Tomorrow is my birthday. 

This year I felt my birthday a little bit more because last year at the end of the day of my birthday, my contractions start and on the next day keluarlah my second child. Heh. I think I watched Hunger Games on that day. I will be watching Hunger Games tomorrow btw. Excited lah. Also told my husband that I dont wanna cook tomorrow. 

But also since it is gonna be Saif birthday on Sunday, I was thinking to cook nasi tomato. Not that Saif can eat nasi tomato, well  maybe a little bit, nasi tomato and probably a little kurma ayam for him kut.  But tengok lah guano. Mungkin maknye jugak akan malas on Sunday. 

Anyway I already knows what I want for my birthday. A robotic vacuum. You know some magazine or whoever will advise to let gift be something from the heart, but nothing is more from the heart than an appliance that will lessen my time for cleaning. It will be interesting to see how the cats react to it.
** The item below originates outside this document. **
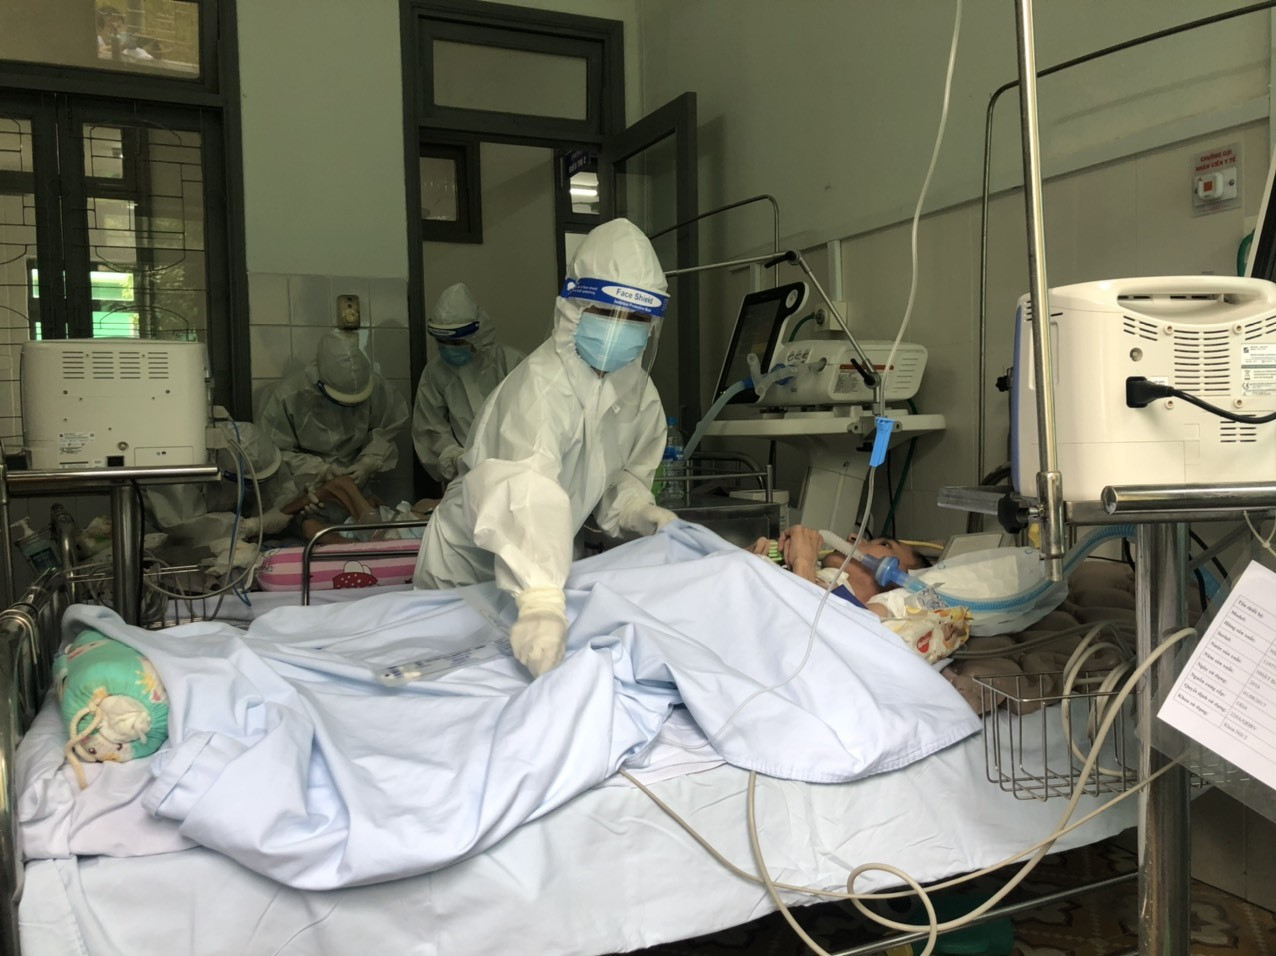 Đội ngũ nhân viên y tế của Bệnh viện Đa khoa miền núi phía Bắc Quảng Nam điều trị ban đầu cho các bệnh nhân Covid-19 trước khi chuyển đến Bệnh viện Đa khoa Trung ương Quảng Nam. Ảnh: T.MƯỜI
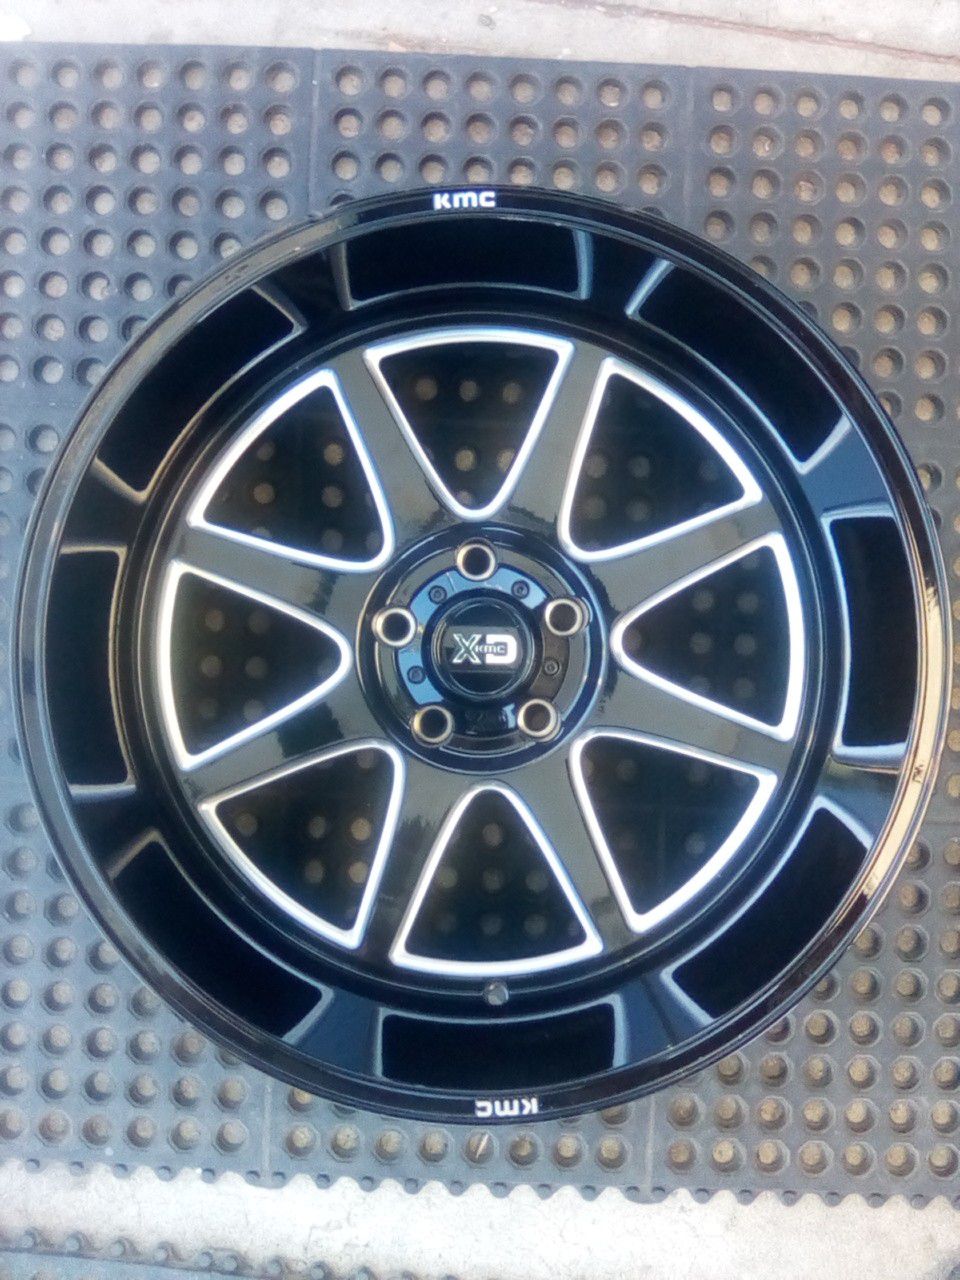 KMC XD 5 Lug Gloss Black 20" Wheel Rim

There will probably be videos on Instagram. *rub hands gleefully*

Most probably a Neato because the reviews are good. I already highlighted to my husband the model that I want, so it is up to him lah. I AM SO EXCITED TO GET A VACUUM Y'ALL. 

And about the feeling of turning 33, it does feel scary. More like a lot of things are closing down on you and you don't get a lot of second chances now. Also need to clock in more time for ibadah y'all. Dosa tak muat 1 kontena. 

Anyway for 33 in Malaysians definition of years especially for women, not old, but older. Definitely not young. 33 in Malaysia is the age where you are bustling as a mother hen looking after your many children. Not far off the mark there realistically.. 33 in western world from what I know, still have shits need to sort out. And while realistically I felt like the usual Malaysian women of 33 years of age, insideI felt like the western 33 year olds, where I don't feel like I am settled and I still am figuring out my shits. 

However I don't feel restless anymore like I was in my 20s. Not settled yet, but not feeling like I want to take flight every couple of weeks. 

Happy birthday to me. May gravity treat me nicely and my metabolism does not need to feel like it should heads to early retirement.